Entwidmung bedeutet

19. November 2022

Die taz schreibt:
Auf einer entwidmeten Bahnstrecke Draisine zu fahren – das hört sich nach einem originellen Freizeitvergnügen an. Möglich ist das derzeit noch zwischen Fürstenau und Quakenbrück in Südniedersachsen. Jetzt soll die Strecke abgebaut und in einen Radweg verwandelt werden. Damit rückt eine zukünftige Wiederindienststellung der Strecke ein Stück weiter in die Ferne – und das in einer Situation, wo allenthalben die Engpässe im Eisenbahnverkehr beklagt werden.

Errichtet worden sei die Strecke „als Teil der kürzesten Fernverbindung zwischen dem Ruhrgebiet und den Seehäfen der Nordsee“, heißt es in der Zeitschrift Lok-Report. Heute könnte sie zur Umfahrung Osnabrücks dienen und helfen, den absehbar wachsenden Containerverkehr aus dem Jade-Weser-Port in Wilhelmshaven abzuwickeln.

„Aus heutiger Sicht wäre die Strecke nie entwidmet worden“, sagt Malte Diehl, der niedersächsische Landesvorsitzende des Fahrgastsverbandes Pro Bahn. Denn die Strecke sei nicht nur als Umleitung für den Güterverkehr wichtig, sondern habe auch Potenzial für den unterentwickelten öffentlichen Personenverkehr in der Region.

1969 fuhren die letzten Passagiere auf der Strecke, 1997 wurden die letzten Güter transportiert. Einzelne Abschnitte der Strecke wurden abgebaut, andere für nostalgische Dampflokomotivenfahrten und Ausflüge mit Draisinen erhalten.

Dass die Eisenbahntrasse Stand 2020 im Landesraumordnungsprogramm als „Vorranggebiet sonstige Eisenbahnstrecke“ ausgewiesen ist [Screenshot unten], hat die Kommunen nicht daran gehindert, Teile davon für ihre Zwecke zu verplanen. Wie das funktioniert, hat eine Kleine Anfrage der Grünen-Abgeordneten Detlev Schulz-Hendel und Volker Bajus vor zwei Jahren im niedersächsischen Landtag gezeigt.
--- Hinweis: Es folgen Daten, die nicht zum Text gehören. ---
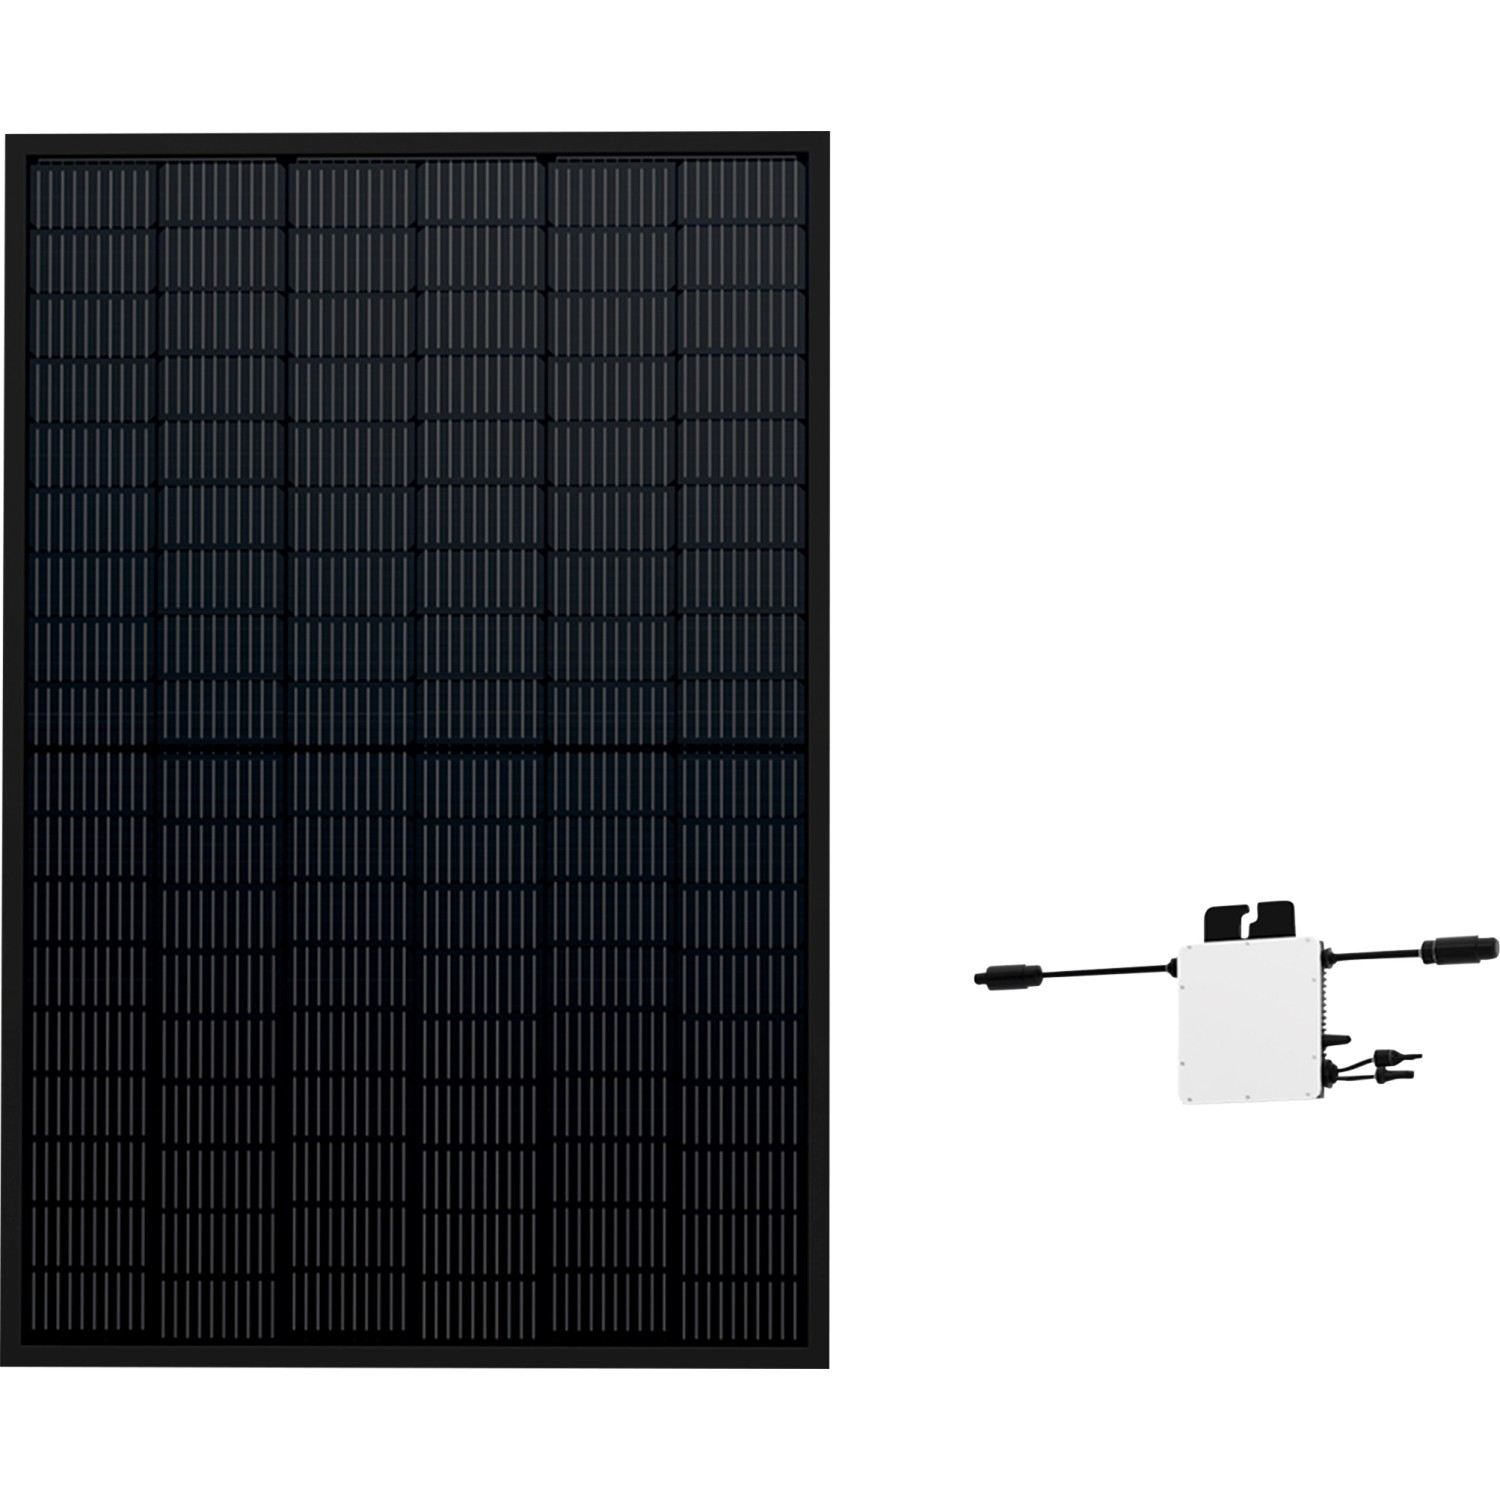 Swissinno Ultraschall-Tier-Vertreiber Solar 100 m² kaufen bei OBI

Damals hatte die Stadt Fürstenau beantragt, bei vier Flurstücken der Bahnstrecke vom Landesraumordnungsprogramm abweichen zu dürfen. Die Bahn-tochter DB Immobilien Nord beantragte dafür beim Eisenbahnbundesamt eine Freistellung, sprich Entwidmung, vom Bahnbetrieb.

Eine Freistellung oder Entwidmung bedeutet…“

[weiter bei der taz]

Weiter südlich sind übrigens längst vollendete Tatsachen geschaffen worden und die Trasse ist abgeräumt. Nachdem die Bahn die Schaffung einer (schnurgeraden) Schnellfahrstrecke in den 1970er Jahren aufgab, existiert zwischen Rheine und Fürstenau die alte Bahnstrecke praktisch nicht mehr. Die Bahnhöfe in Spelle, Beesten/Schapen und Freren gibt es allenfalls noch auf dem Papier. Im südöstlichen Kreis Emsland finden deshalb die Emsländer:innen keinen Bahnanschluss mehr. Nur zwischen Spelle und Rheine findet Eisenbahnverkehr statt; auf diesen verbliebenen zehn Kilometern  wurde 2001 der Güterverkehr durch den Regionalverkehr Münsterland (RVM) übernommen. Transportiert werden vor allem Sand, Kies und Fertigbetonteile für das Betonwerk Rekers in Spelle (etwa 8000 Wagenladungen pro Jahr), während das Anschlussgleis der Maschinenfabrik Bernard Krone wurde mittlerweile wieder stillgelegt.

Im Dezember 2015 wurde in Spelle eine Abzweigstrecke zum Hafen Spelle-Venhaus am Dortmund-Ems-Kanal in Betrieb genommen. Die Gemeinde Spelle hatte 5,5 Millionen Euro in die 4,5 Kilometer lange Strecke investiert, um die Ladestelle am Kanal sowie diverse Betriebe wie ein Mischfutterwerk der Bröring Unternehmensgruppe, an das Schienennetz anzuschließen. Seit März 2015 werden in Spelle zudem Diesellokomotiven durch die Firma August Storm gewartet.